(Assigned task) Leave out all pictures and retype exactly the lines from the one with "john cena backgrounds - wallpaper cave" through the last line of the material.

(Supplied material)
▼▼▼
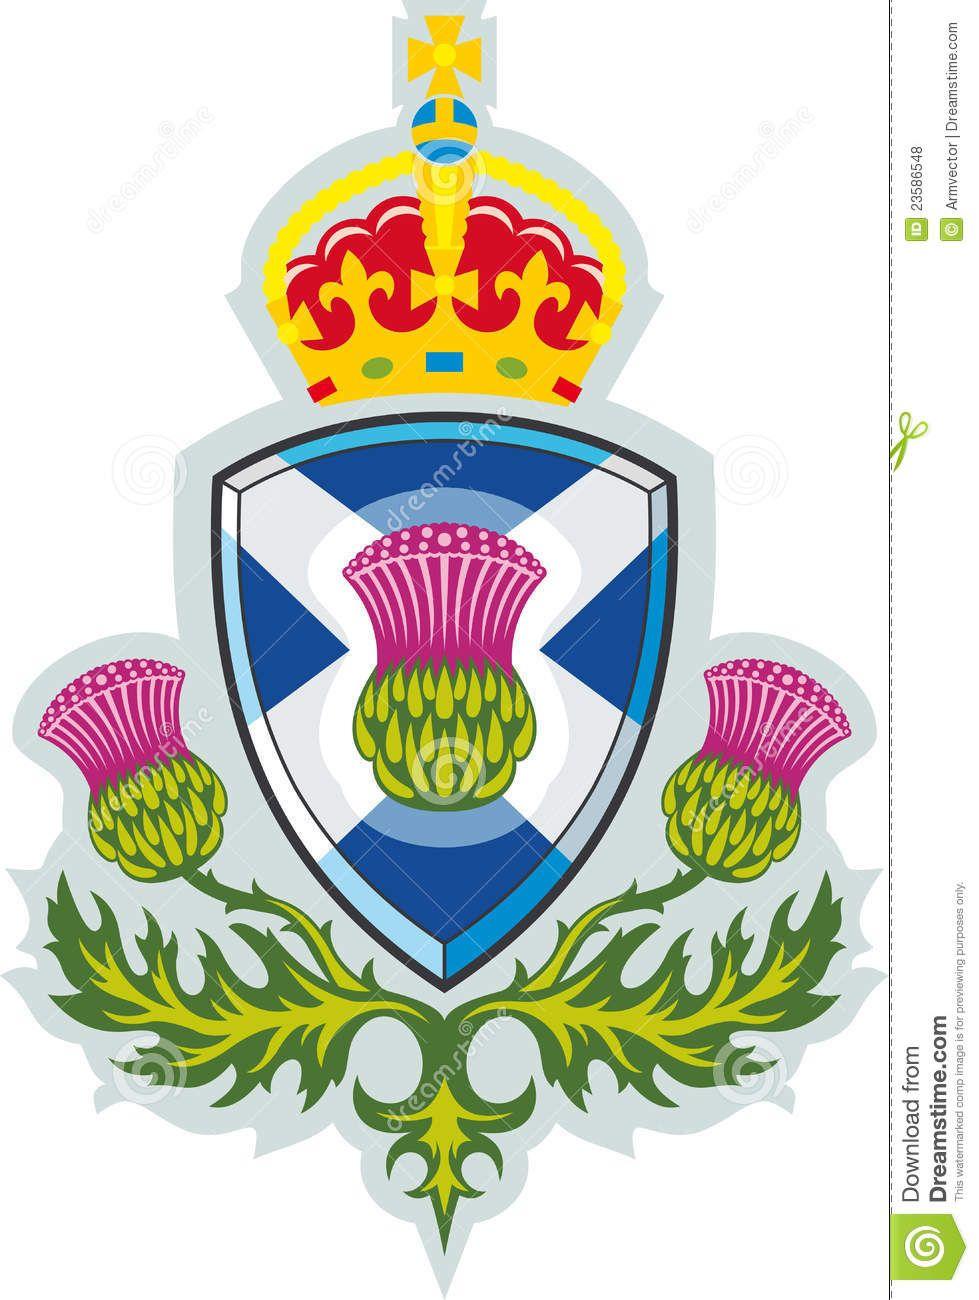 Scottish Thistle Mbol Of Scotland Scotland Pinterest
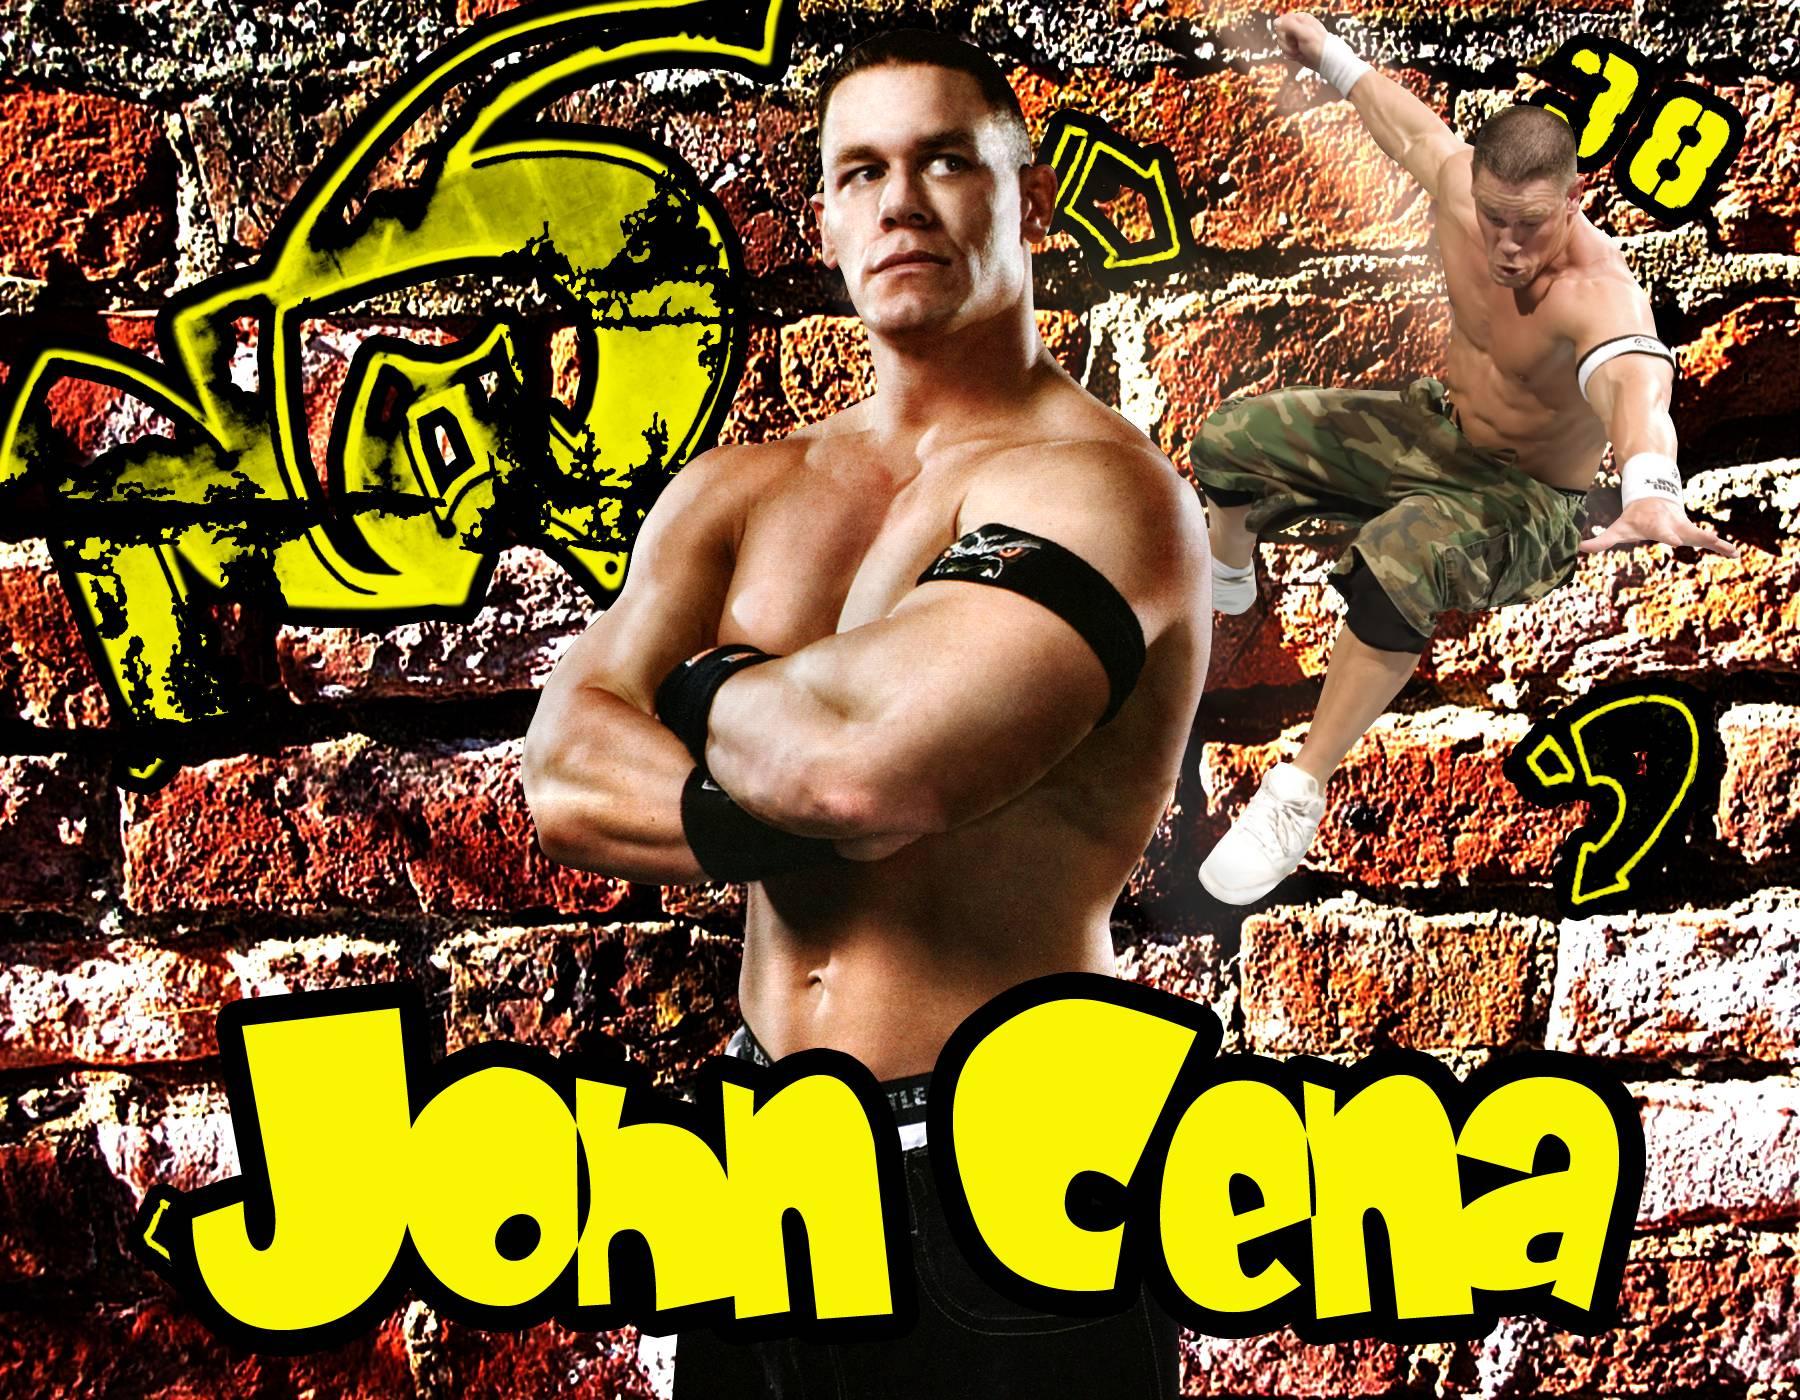 john cena backgrounds - wallpaper cave
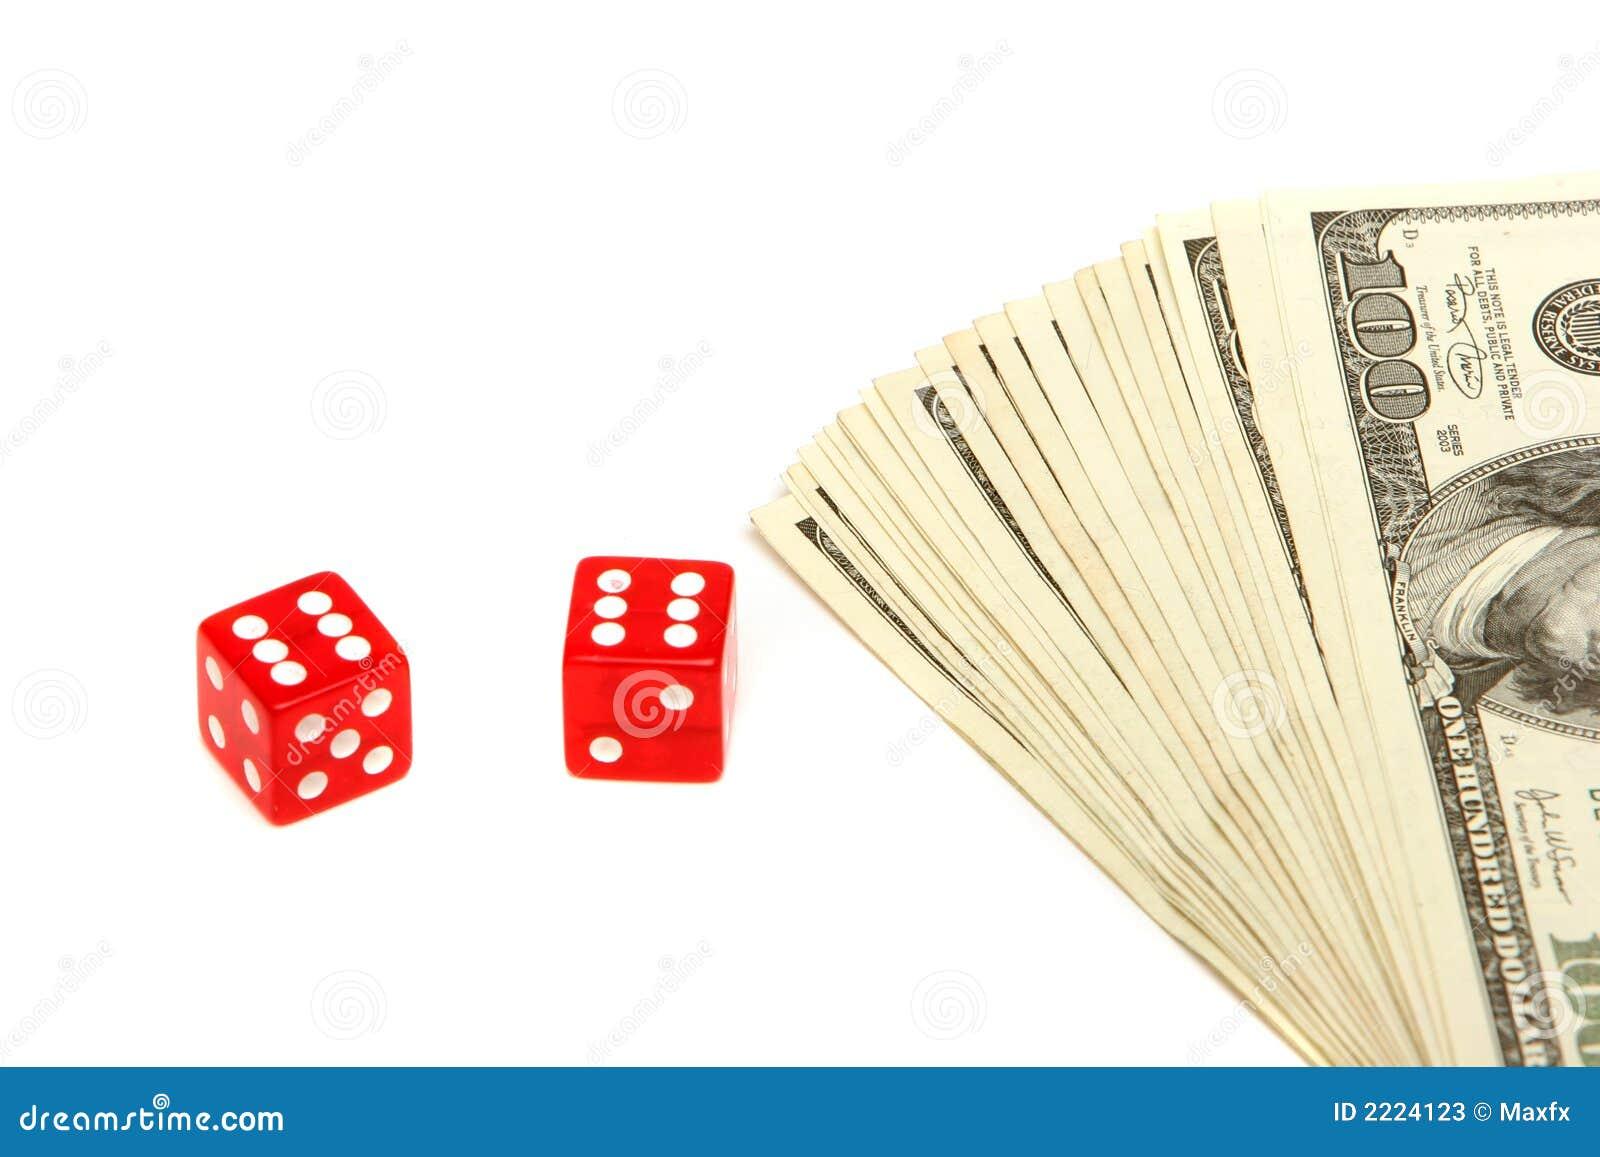 Gambling finance
▲▲▲
(Task solution)
 john cena backgrounds - wallpaper cave
 Gambling finance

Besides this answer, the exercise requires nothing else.